Megatron Core (megatron.core) is the production-ready PyTorch-based library at the heart of Megatron-LM. It provides GPU-optimized techniques and system-level optimizations abstracted into composable and modular APIs:

  • Transformer Components: Attention mechanisms, MLP layers, embeddings

  • Memory Management: Activation recomputation

  • FP8 Precision: Optimized for NVIDIA Hopper, Ada, and Blackwell GPUs

  • Parallelism: Tensor Parallelism (TP), Pipeline Parallelism (PP), Context Parallelism (CP), Expert Parallelism (EP)

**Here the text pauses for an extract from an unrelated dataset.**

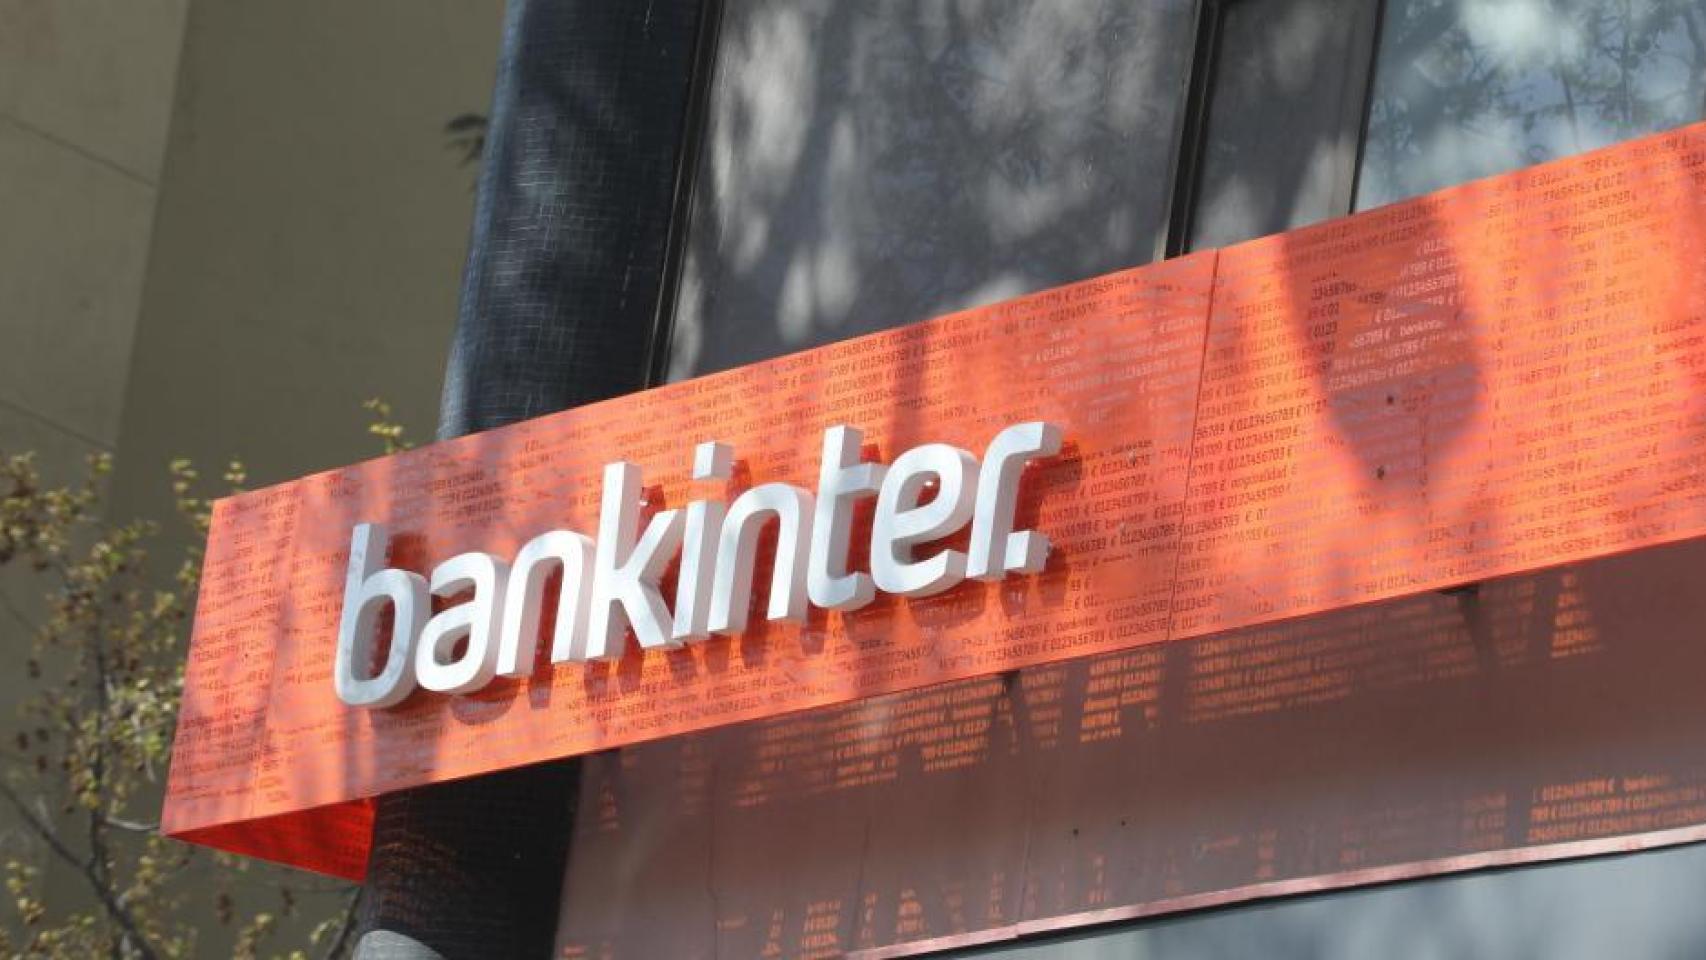 Logo de Bankinter.

  • Model Architectures: GPT, LLaMA, Qwen, Mixtral, BERT, T5, Mamba, multimodal models, and more

Project Structure#

Megatron-LM-FL/
├── megatron/
│   ├── core/                    # Megatron Core (kernels, parallelism, building blocks)
│   │   ├── models/              # Transformer models
│   │   ├── transformer/         # Transformer building blocks
│   │   ├── tensor_parallel/     # Tensor parallelism
│   │   ├── pipeline_parallel/   # Pipeline parallelism
│   │   ├── distributed/         # Distributed training (FSDP, DDP)
│   │   ├── optimizer/           # Optimizers
│   │   ├── datasets/            # Dataset loaders
│   │   ├── inference/           # Inference engines
│   │   └── export/              # Model export (e.g. TensorRT-LLM)
│   ├── plugin/                  # FL plugin system (multi-chip support)
│   │   ├── platform/            # Hardware platform abstraction
│   │   ├── distributed/         # Distributed training overrides
│   │   ├── optimizer/           # Optimizer overrides
│   │   └── decorators.py        # @overridable / @override mechanism
│   ├── training/                # Training scripts
│   ├── legacy/                  # Legacy components
│   └── post_training/           # Post-training (RLHF, etc.)
├── examples/                    # Ready-to-use training examples
├── tools/                       # Utility tools
├── tests/                       # Comprehensive test suite
└── docs/                        # Documentation

Getting Started#

Quick Start#

# Clone Megatron-LM-FL repository (includes megatron.core and megatron.plugin)
git clone https://github.com/flagos-ai/Megatron-LM-FL.git
cd Megatron-LM-FL
# Install Megatron-LM-FL with required dependencies
pip install --no-build-isolation .[mlm,dev]

Simple Training Example#

# Distributed training example (2 GPUs, mock data)
torchrun --nproc_per_node=2 examples/run_simple_mcore_train_loop.py

LLama-3 Training Example#

# 8 GPUs, FP8 precision, mock data
./examples/llama/train_llama3_8b_fp8.sh

Installation#

Pip Installation#

Megatron Core offers two dependency profiles:

  • dev: Moving head that supports the most recent upstream dependencies

  • lts: Long-term support of NGC PyTorch 24.01

Both can be combined with mlm which adds Megatron-LM dependencies on top of Megatron Core.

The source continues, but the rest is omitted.